# Board glue-up; which is better



## V. Kelly Bellis (Jun 19, 2020)

Does it make any difference which direction the end grain (growth rings) is oriented when gluing up boards?

I recently hand-planed some Home Depot 2 x 6's and glued them together (with splines) to make a wooden base for my bandsaw. After the glue dried I surface planed both faces flat, still using the hand plane. The assembled 22" x 28" pine panel base has been sitting on my on my bench for the past several days, during which I have observed it going from flat to cupped and back down again. I had glued the boards together with each board's end grain orientation the same, shown here labeled as A. But after watching the curling/ cupping and back down again, I wonder if I should have gone with B? Leaving the cup side up for a while, the cupping eventually relaxed back to the panel being flat!

Reactions: Sincere 1


----------



## Sprung (Jun 19, 2020)

When you brought your 2x6's home from Home Depot, did you let them dry before you worked with them? Construction lumber that you buy isn't truly dry - at least as we think of dry for woodworking uses. If possible, I always stack (with stickers) the construction lumber I buy for at lesat 2 or 3 weeks before using it so it can shed some of that excess moisture. I still can't find my moisture meter after moving, but where we previously lived, EMC was down in the 5 to 6% range and construction lumber I bought would often measure anywhere from 13 to 17% - a huge difference and far from truly dry.

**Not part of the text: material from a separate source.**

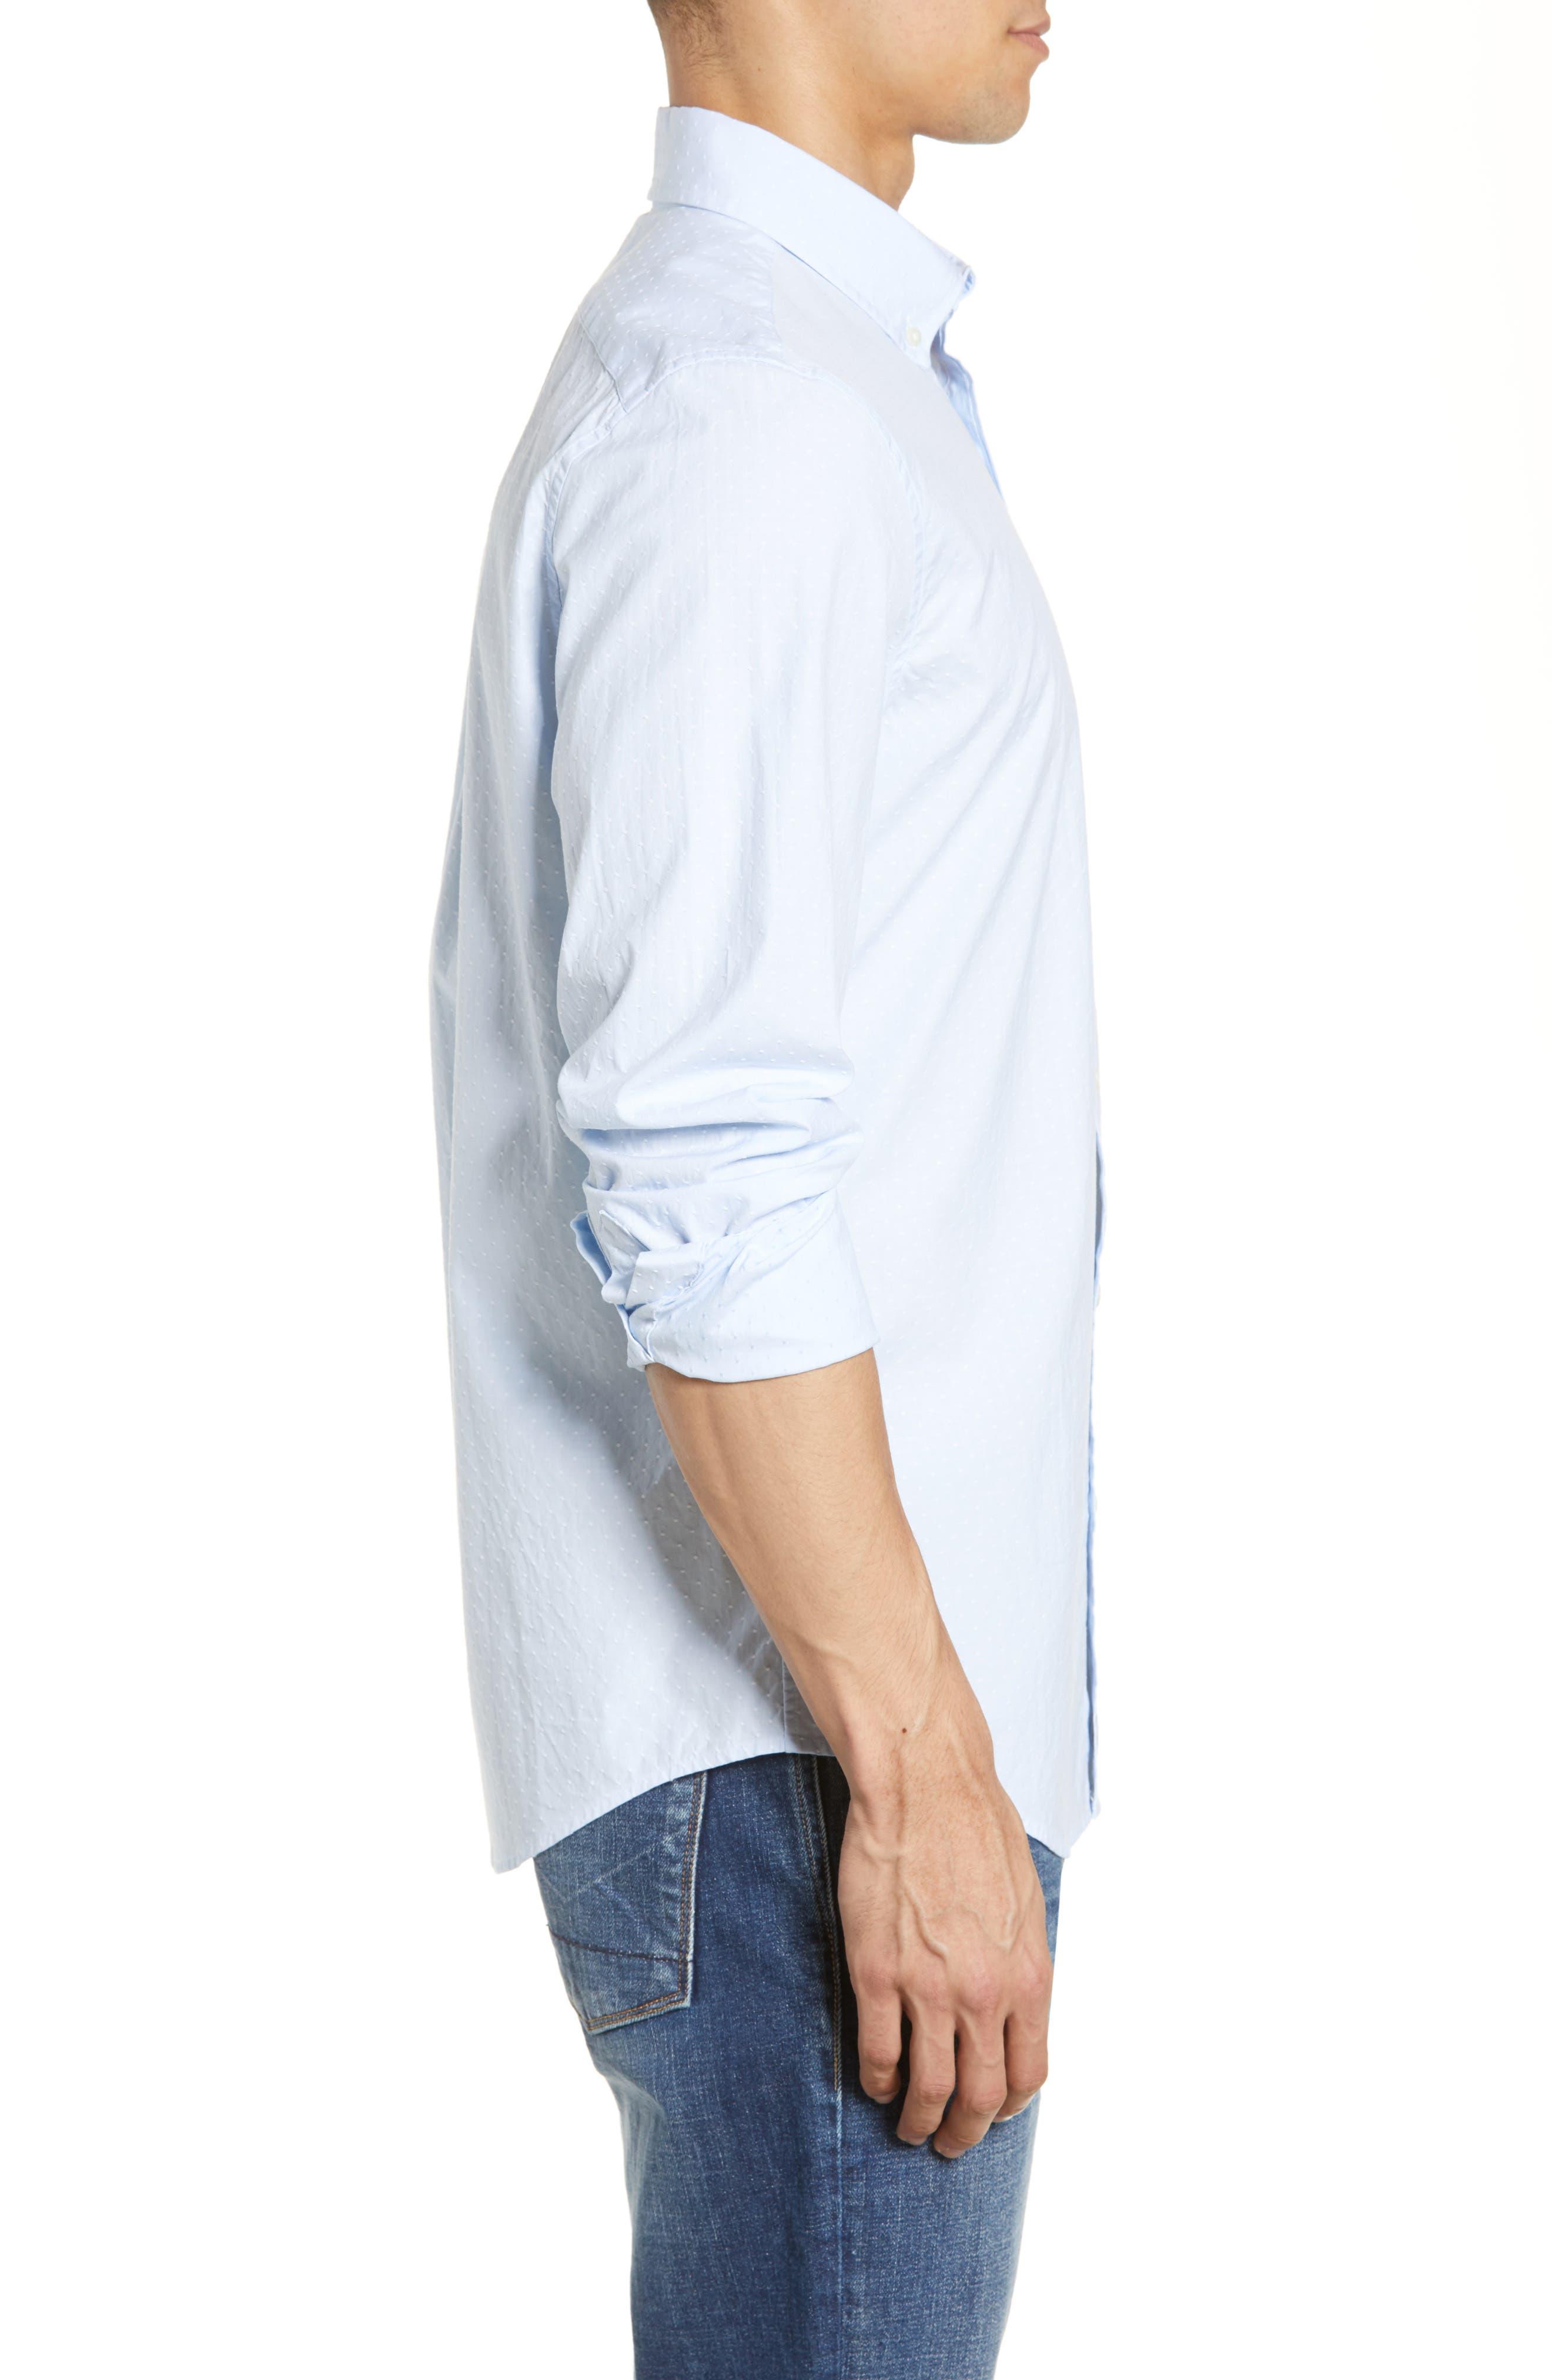 VINEYARD VINES, Wavine Slim Fit Dobby Sport Shirt, Alternate thumbnail 4, color, JAKE BLUE

With the panel sitting flat on your bench, one side was exposed to air and was able to dry, the other couldn't - hence the cupping. As the other side then got a chance to dry out, it evened back out.

One thing I try to do when I'm building something - even if I'm using fully dried wood - is to stack all the parts with stickers between the various steps so that there is airflow all around the piece, so that it can shed (or pick up) any moisture equally, yielding less movement of the piece (such as the cupping you experienced).

Factoring in moisture and wood movement - and making sure that I don't have a large surface like that flat up against another surface - the grain orientation while gluing up hasn't mattered so much. But the wood does need to be dry first and you need to make sure that the whole piece has room to "breathe."

Reactions: Thank You! 1 | Agree 2 | Great Post 1 | Useful 2


----------



## FranklinWorkshops (Jun 19, 2020)

Left to its own tendencies, wood will always cup toward the outside of the tree. The bottom of the cup would be toward the pith. With that in mind, I always orient the wood as shown in your diagram B and I also use an odd number of boards so that the two end pieces will be oriented the same way. This method has worked for me. But @Sprung is exactly right about construction quality wood and assuring uniform air flow to avoid uneven moisture gain and loss.

Reactions: Thank You! 1 | Useful 3


----------



## V. Kelly Bellis (Jun 19, 2020)

Thank you for your responses gents!

Reactions: Like 1


----------



## Tony (Jun 19, 2020)

What Larry said!

Reactions: Like 1


----------



## pvwoodcrafts (Jun 20, 2020)

definitely - B

Reactions: Thank You! 1 | Useful 1


----------